Il ne se lassait pas d’entendre les récits terrifiants à propos du Gois. À l’hôtel Saint-Pierre, le jardinier, le vieux père Benoît, prenait un malin plaisir à insister sur les détails les plus sordides. L’histoire qu’Antoine préférait était celle de l’accident de juin 1968, quand trois personnes de la même famille avaient été englouties, leur voiture était restée bloquée à la marée montante et ils n’avaient pas pensé à se réfugier sur les perchoirs prévus à cet effet. La tragédie avait fait la une des journaux. Comment la voiture avait-elle pu être balayée par l’eau et pourquoi n’avaient-ils pas réussi à s’en tirer ? Antoine ne comprenait pas. Alors le vieux père Benoît, qui empestait la Gitane et le rouquin, l’avait emmené voir les flots escamoter le passage du Gois.
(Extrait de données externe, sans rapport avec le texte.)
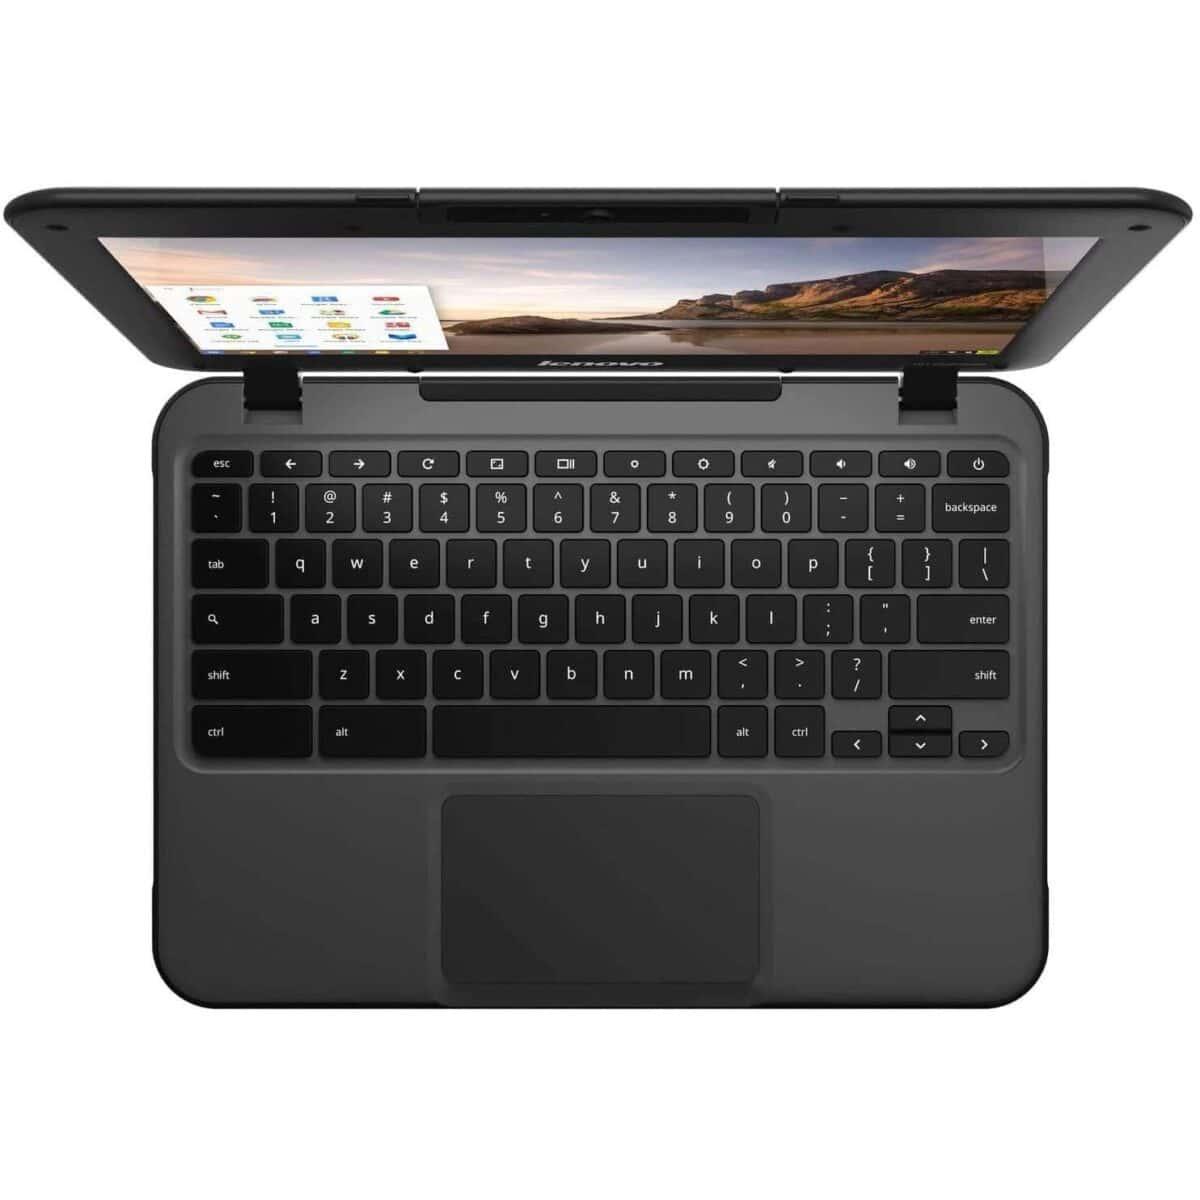 "Lenovo Chromebook Laptop Powerful 11.6"" 16GB 4GB Webcam HDMI Intel Chrome OS Black"

Antoine avait attendu un long moment. Puis il avait remarqué que les gens arrivaient, de plus en plus nombreux. « Regarde, mon garçon, ils sont venus assister à la disparition du passage. Chaque jour, à marée haute, les gens viennent de très loin pour voir ça. » Plus aucune voiture n’empruntait la route. Sur sa gauche, dans un grand silence, lentement la baie s’était remplie, comme un immense lac, sombre et profond. L’eau coulait en creusant de fins canaux dans le sable boueux. Et sur sa droite, des vagues surgies de nulle part inondaient déjà la chaussée. Ces deux flux convergeaient en une étrange étreinte formant un long ruban d’écume sur les pavés. Le passage du Gois disparut en un instant. Impossible d’imaginer qu’une route ait pu se trouver là quelques minutes plus tôt. Seuls la mer et les neuf balises de refuge émergeant au-dessus des flots tourbillonnants occupaient l’horizon. Des mouettes triomphantes criaient en décrivant des cercles dans le ciel. Antoine était subjugué.